Patient demographics and characteristics of Choroidal metastasis patients
When comparing the clinical characteristics of the choroidal metastasis group with the remaining 76 patients, no statistically significant differences were found, except for a lower mean age in the choroidal metastasis group, (p < 10− 6). Most of the choroidal metastasis patients were women (five/seven cases, 71%), and the majority (four of seven cases, 57%) were current or former smokers, with two being active smokers. There was only one Asian patient, with three being of African origin.
In all patients (except Patient #7, with retrospective MRI-based diagnosis), the choroidal metastases resulted in symptoms, such as pain, blurred vision, or visual acuity loss. The choroidal metastases were frequently unilateral (six of seven cases, 85%). Brain MRI was performed at diagnosis in six out of seven patients, with choroidal metastases actually visible on MRI after a retrospective secondary analysis by an expert radiologist in five out of six patients, though all these lesions were missed on the first MRI report, except for those of Patient #6.
The choroid metastases were associated with other metastatic sites like brain metastases in five out of seven patients without any obvious leptomeningeal carcinomatosis on brain MRI. Four out off five evaluable patients who were treated with TKI showed an objective response with visual symptom improvement. Local response was maintained in all cases, and no choroidal local progression occurred, even in case of tumor progression at other metastatic sites. Four out of seven patients received osimertinib as second-line therapy based on the emergence of T790M resistance mutation.
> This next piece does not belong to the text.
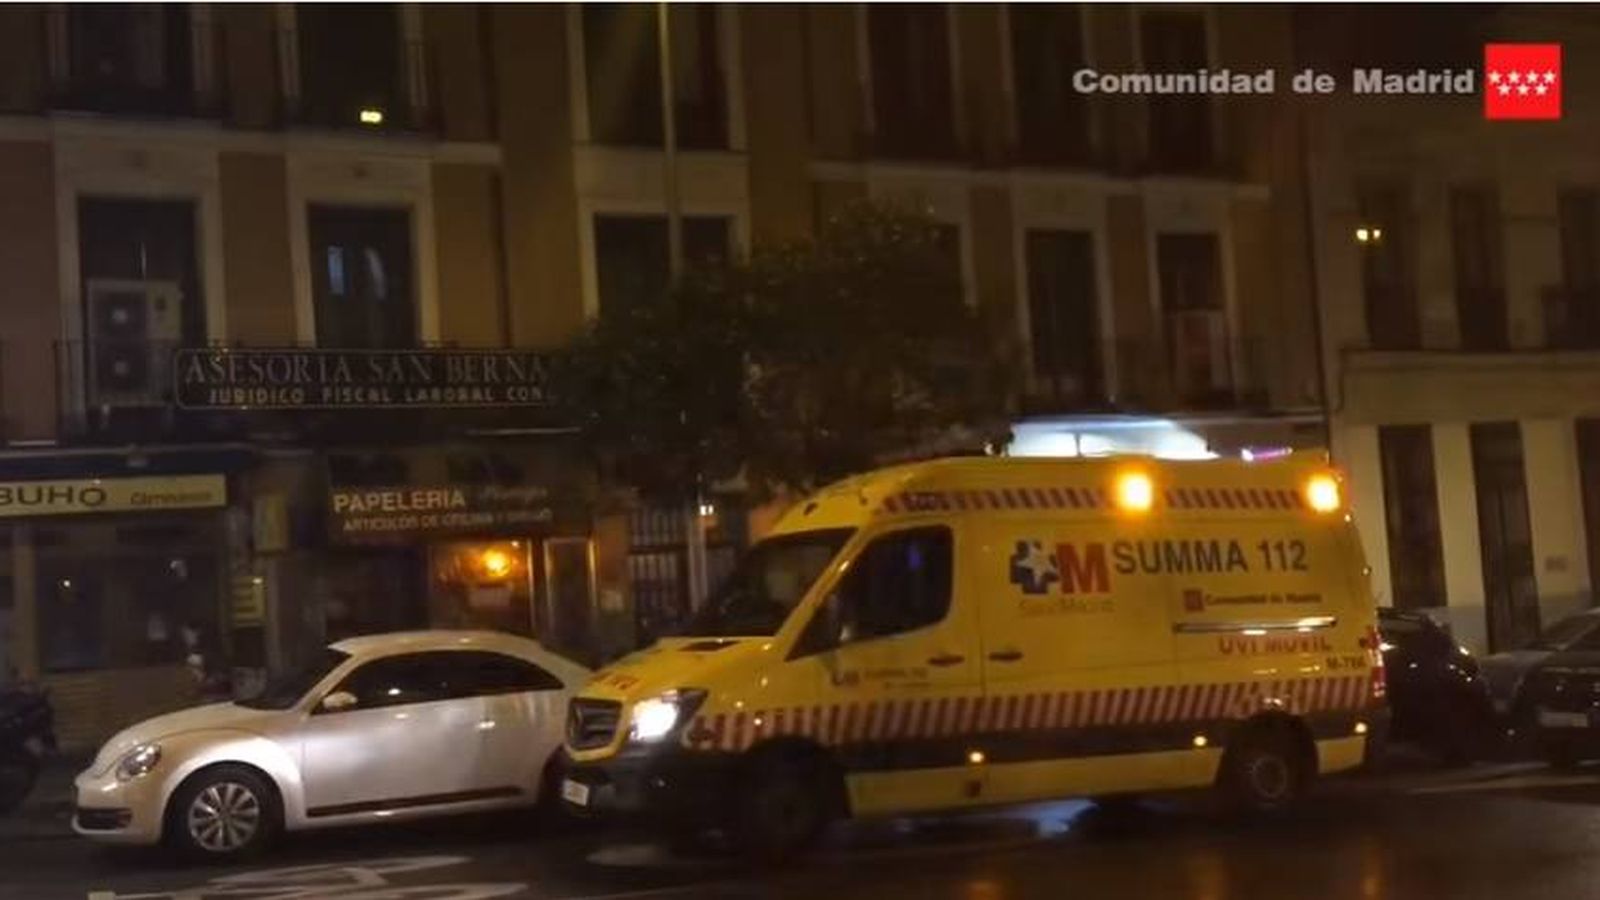 Foto: Imagen de la llegada de la ambulancia a la zona. (Comunidad de Madrid) 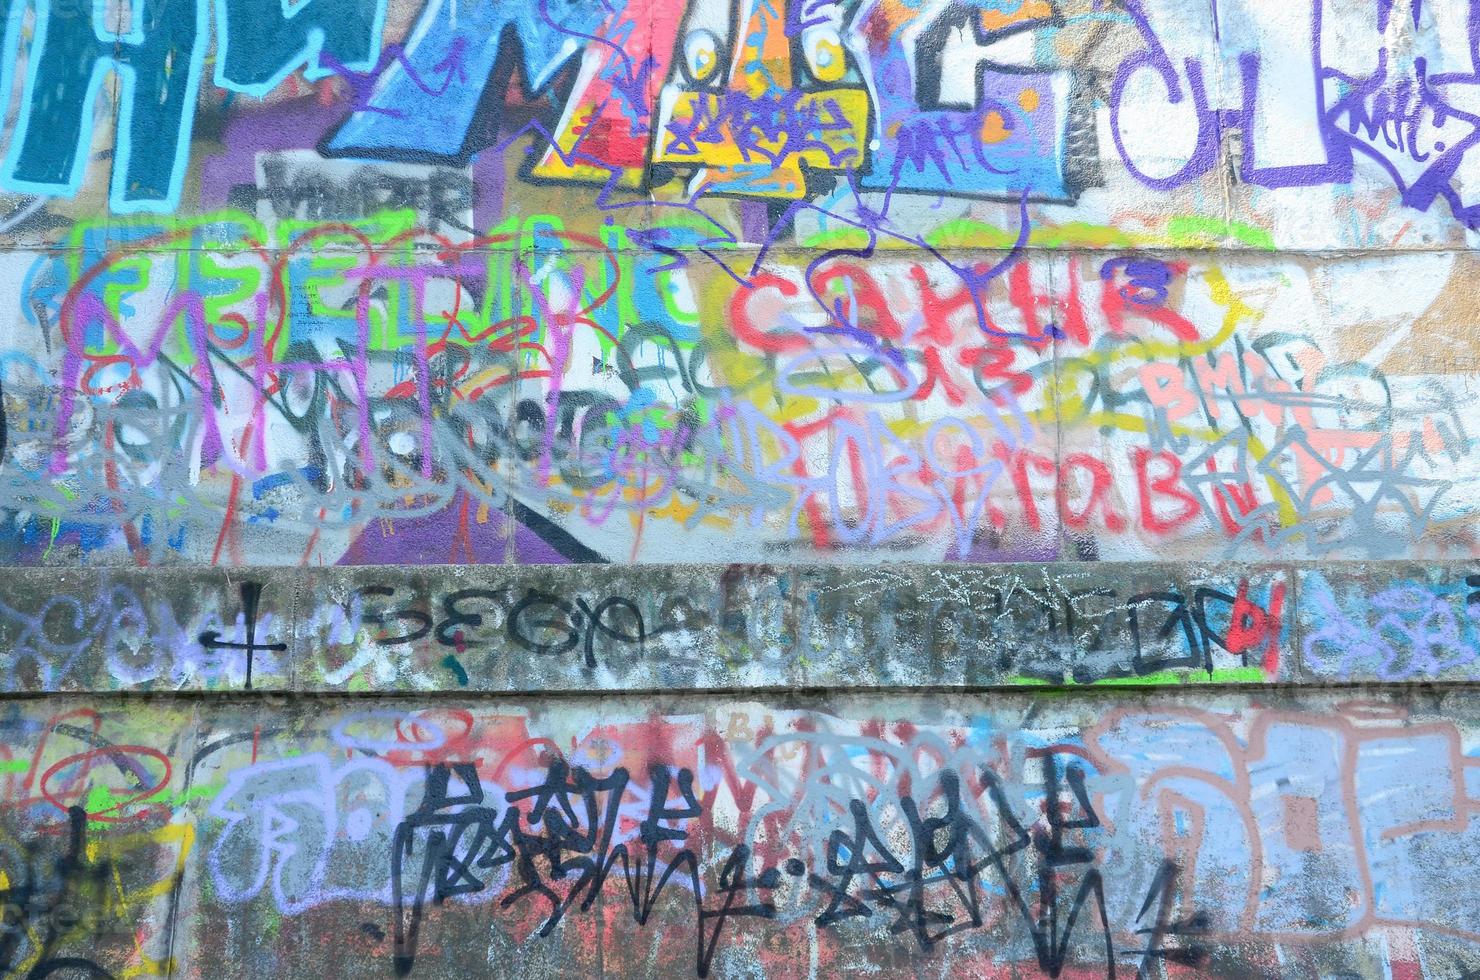 Fragment von Graffiti-Tags. Die alte Mauer ist mit Farbflecken im Stil der Street-Art-Kultur verwöhnt foto

All patients received a pemetrexed/platinum-based chemotherapy doublet during the course of the disease. All lines of treatments are available in Supplementary Data 1. One patient out of seven also underwent radiotherapy of the choroidal metastasis.
Genetic profile of EGFR-mutated NSCLC of Choroidal metastasis patients
The molecular tumor status of the choroidal metastasis patients was consistent with that of the remaining population, as 85% had a common activating EGFR mutation (Table 1). One patient had a rare, complex exon 21 mutation diagnosed late in the NSCLC course, using whole exome sequencing.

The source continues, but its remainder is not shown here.